I feel the same bro. But it protects my head. Maybe just save up some $ and buy a very good helmet from a good bike shop or online that will both protect your head, look a tad better, and choice of color.


----------



## scribble79 (Jul 17, 2012)

I 2nd the plastic dip, you can do lots of cool things with the spray cans of it. I saw guys do there car rims and they turned out great.


----------



## scribble79 (Jul 17, 2012)

I also have to agree that helmets never look good and as a kid I never wore one. When I got into motorcycles I swore I would never ride without one and I am glad I didn't. I had a spill about 12 years ago on mine and took a big divet out of it after flying through the air. I was very glad to have my helmet on as well as my riding gear that day. So when I decided to get back into bike riding I thought I better get me a brain bucket, and I have not ridden my bike yet as I haven't found a helmet that is comfortable yet.


----------



## gridtalker (Dec 7, 2006)

Ikenna1 said:


> My helmet looks so ugly on me that i don't even want to wear it in public.
> 
> 
> 
> ...


I dont think anyone looks cool with a bike helmet on


----------



## b-kul (Sep 20, 2009)

put flames on it. flames make everything cooler.


----------



## Trail_Blazer (May 30, 2012)

That's not a bad looking helmet to me. 
You will pay dearly for a nice looking one and women will still think you look dorky in it so save yourself some money.


----------



## shiggy (Dec 19, 1998)

tl1 said:


> You'd look like a roadie without it. Roadies would never wear a visor even though it makes more sense on the road where there are not many trees to shield your eyes from the sun.

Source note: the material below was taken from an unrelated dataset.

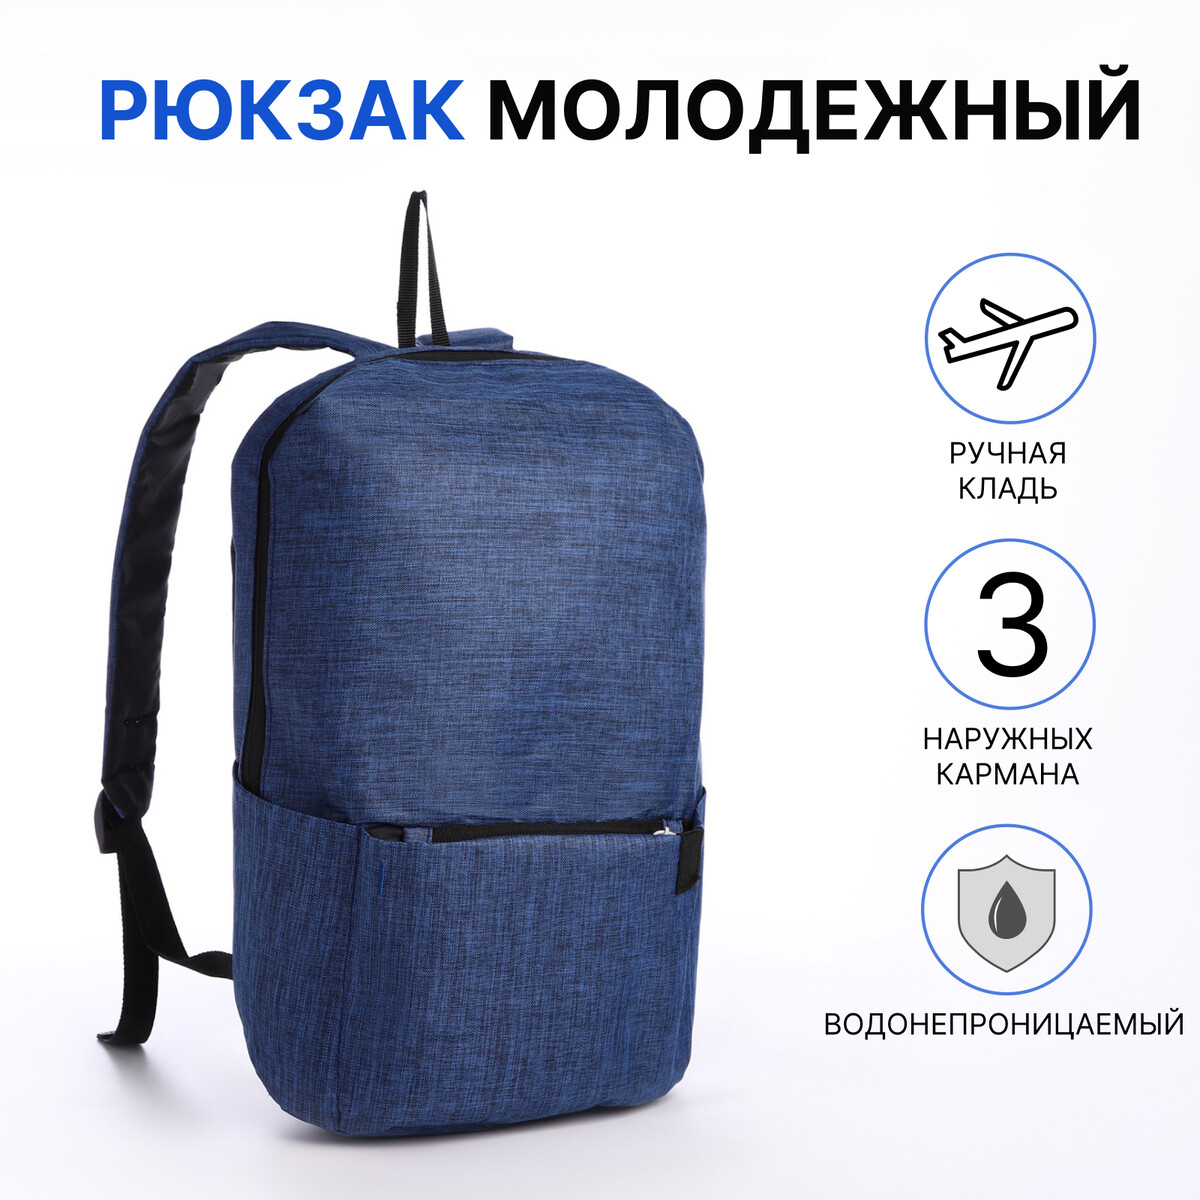 Рюкзак молодежный из текстиля на молнии, водонепроницаемый, наружный карман, цвет синий рюкзак молодежный grizzly с карманом для ноутбука 15 ru 432 4 3 синий

I never use visors. In my normal riding position a visor blocks my forward vision.


----------



## beanbag (Nov 20, 2005)

How to Add Viking Horns to a Bicycle Helmet | eHow.com


----------



## SoWal_MTBer (Jan 4, 2012)

beanbag said:


> How to Add Viking Horns to a Bicycle Helmet | eHow.com


LOL! Classic man!


----------



## b-kul (Sep 20, 2009)

tl1 said:


> You'd look like a roadie without it. Roadies would never wear a visor even though it makes more sense on the road where there are not many trees to shield your eyes from the sun.


tons of bikes dont use visors on their xc lids, keene, benedict, hill, hart, weir... nor do i.


----------



## womble (Sep 8, 2006)

b-kul said:


> put flames on it. flames make everything cooler.


Plus speeds stripes to make you ride faster.

@OP: Seriously, it's a helmet. They all look kinda dorky to non-cyclists (even the super expensive, airbrushed TLD full face helmets that the DH crowd cream their pants over), so stop worrying about it.


----------



## Paul.C (Aug 13, 2011)

any of these should do the trick.

Amazon.com: Bike Helmet Mohawk


----------



## singletrack-sam (May 30, 2012)

tl1 said:


> You'd look like a roadie without it. Roadies would never wear a visor even though it makes more sense on the road where there are not many trees to shield your eyes from the sun.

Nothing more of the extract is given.